• [Work to complete]: Please print the listing that follows word for word, but skip any pictures it holds.

─── Supplied data

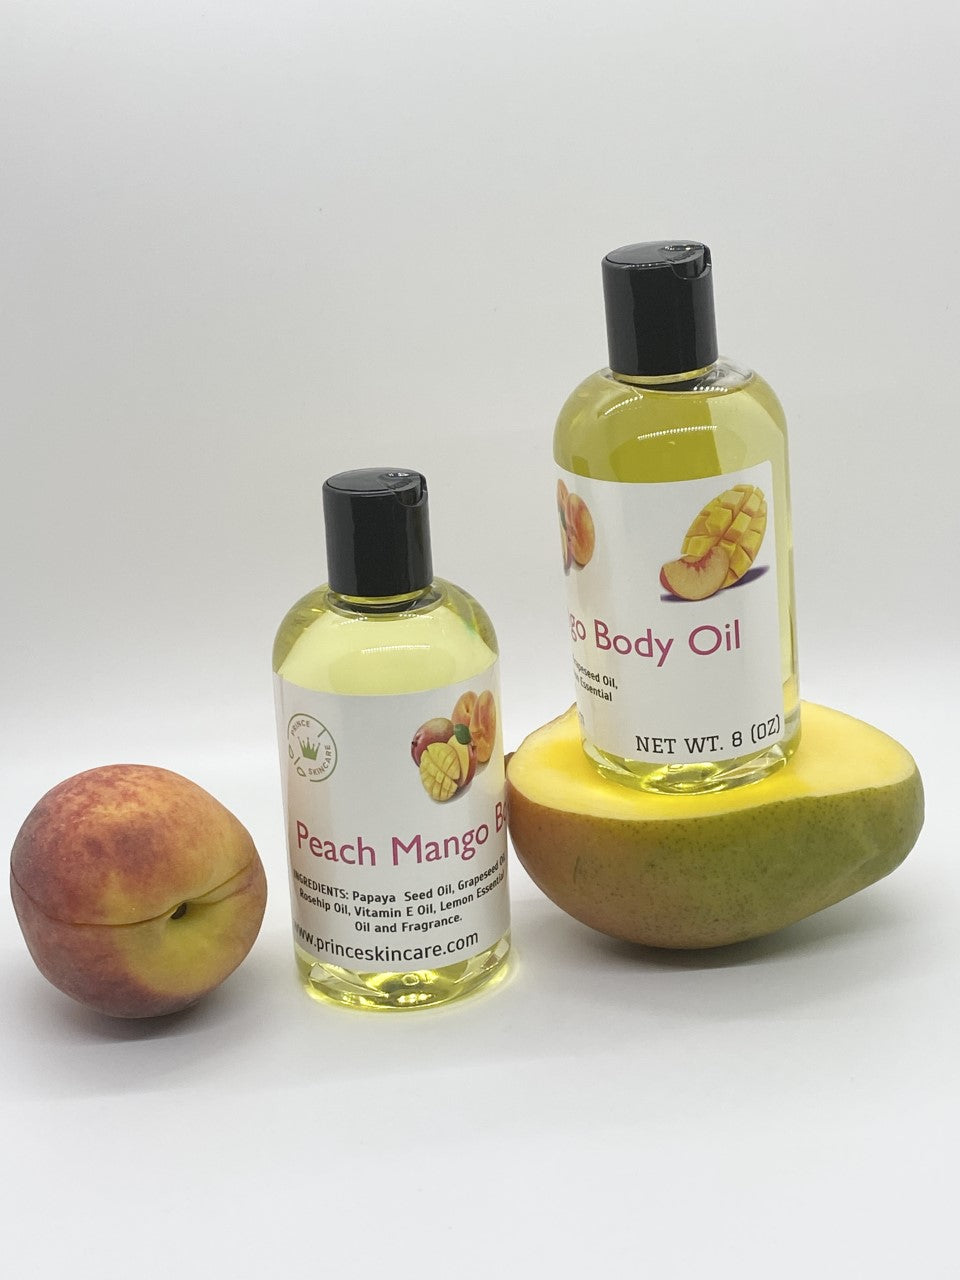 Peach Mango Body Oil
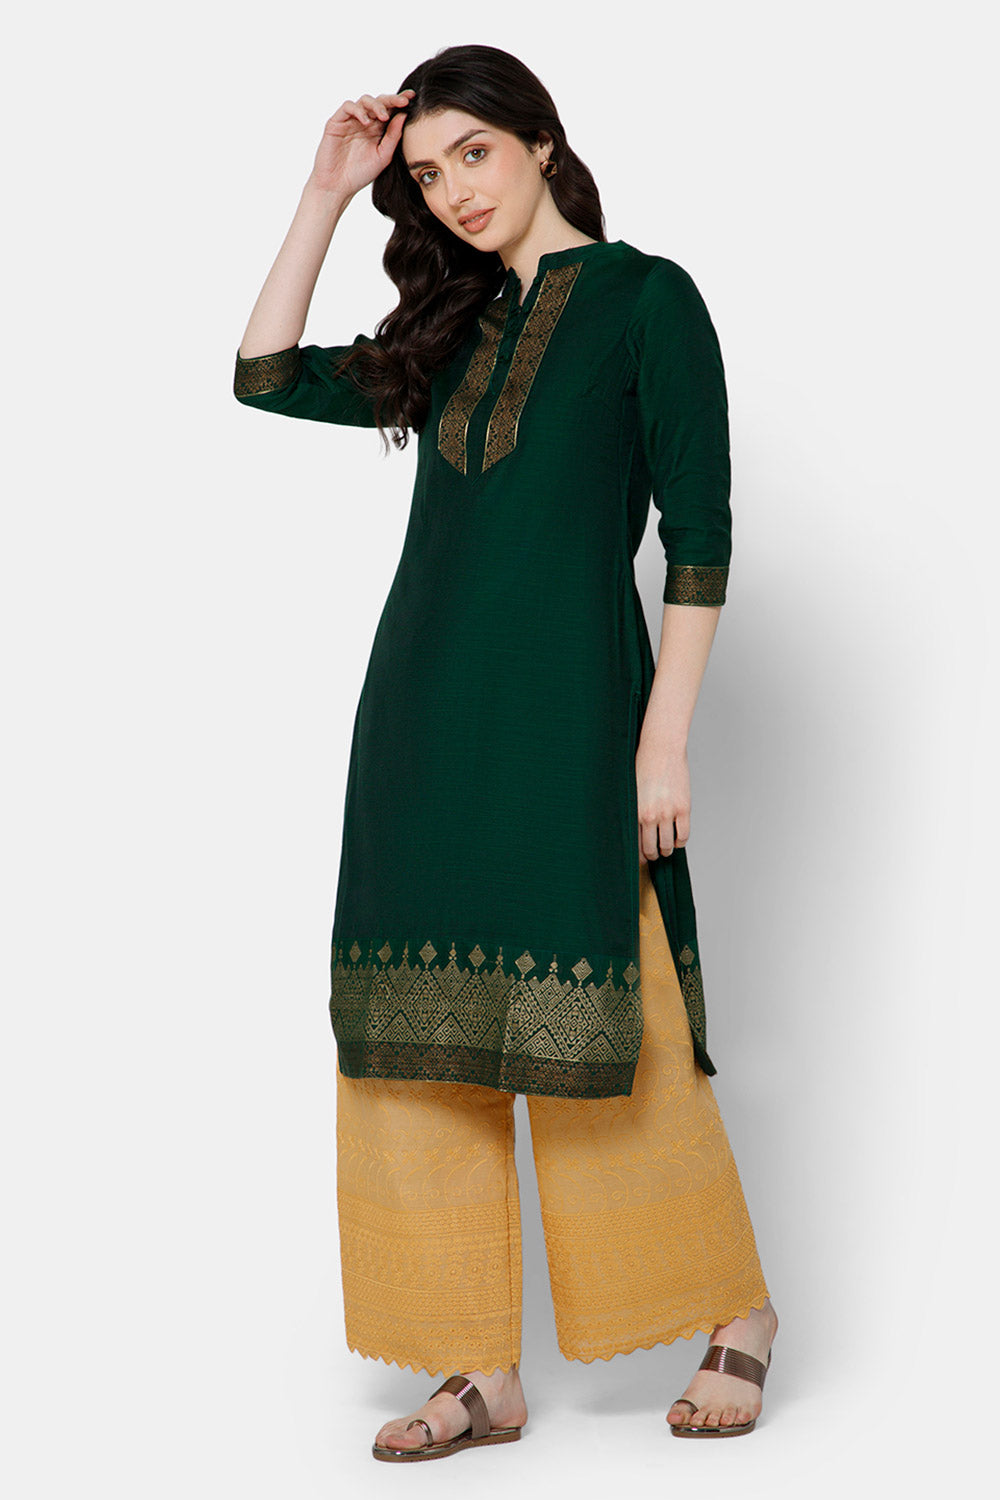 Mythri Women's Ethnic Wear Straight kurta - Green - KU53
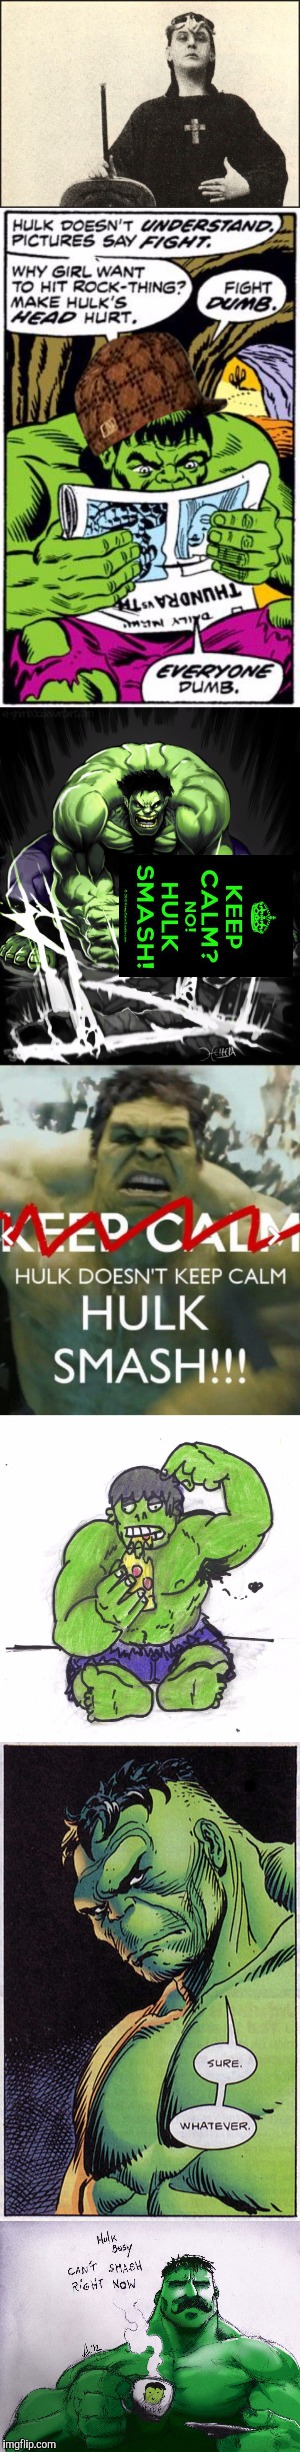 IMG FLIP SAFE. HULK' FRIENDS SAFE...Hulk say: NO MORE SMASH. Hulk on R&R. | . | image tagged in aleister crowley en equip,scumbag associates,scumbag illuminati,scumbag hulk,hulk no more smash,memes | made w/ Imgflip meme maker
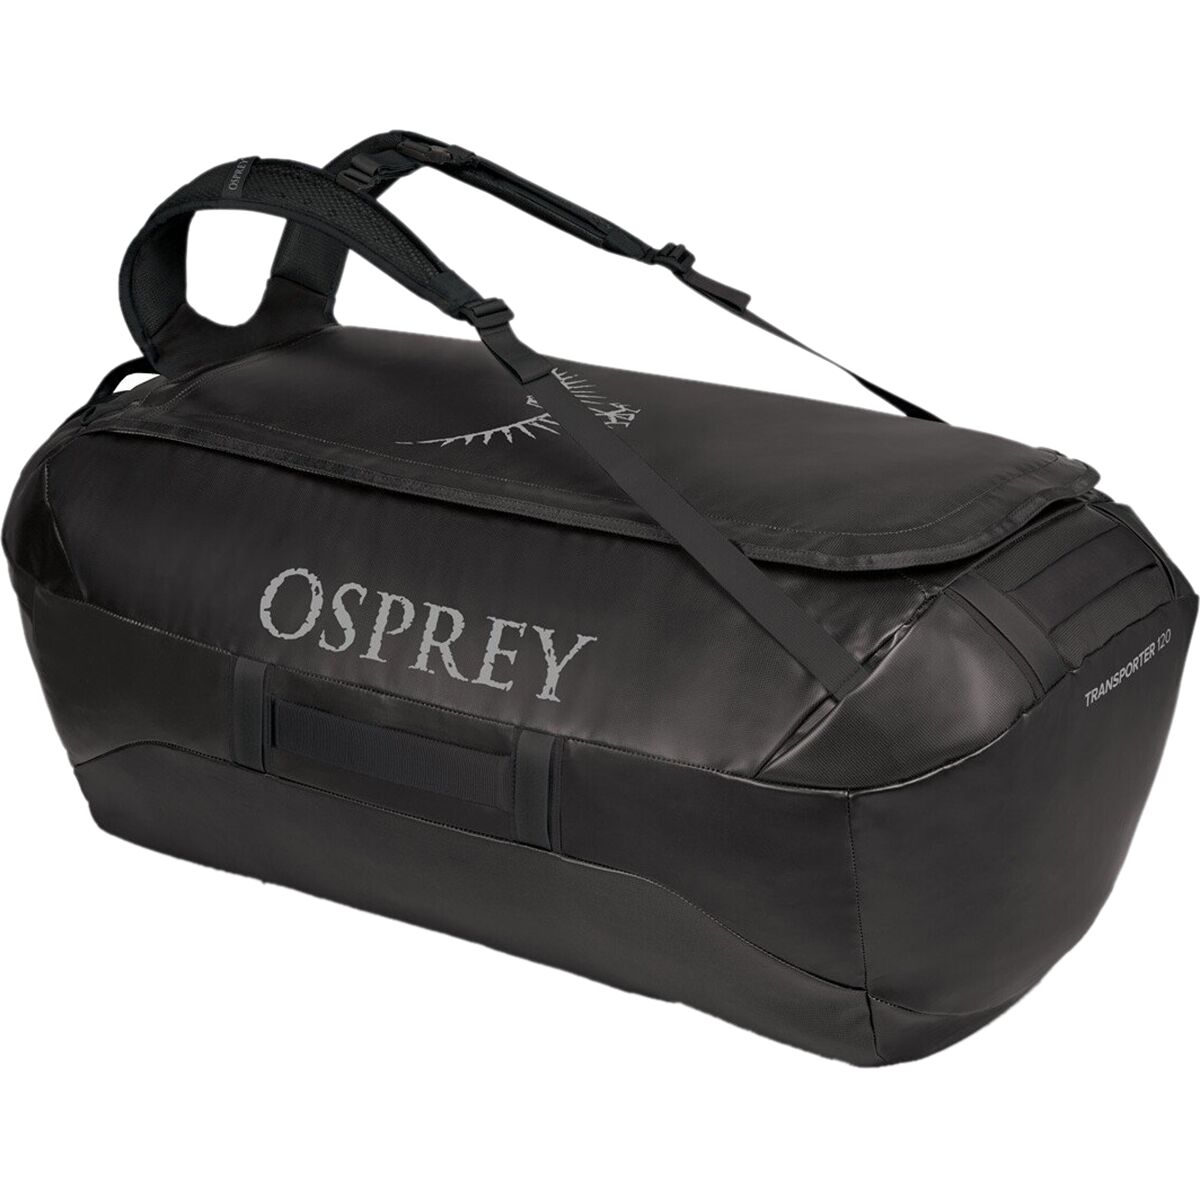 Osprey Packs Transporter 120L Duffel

──────

• [Reply]:
 Peach Mango Body Oil
 Mythri Women's Ethnic Wear Straight kurta - Green - KU53
 IMG FLIP SAFE. HULK' FRIENDS SAFE...Hulk say: NO MORE SMASH. Hulk on R&R. | . | image tagged in aleister crowley en equip,scumbag associates,scumbag illuminati,scumbag hulk,hulk no more smash,memes | made w/ Imgflip meme maker
 Osprey Packs Transporter 120L Duffel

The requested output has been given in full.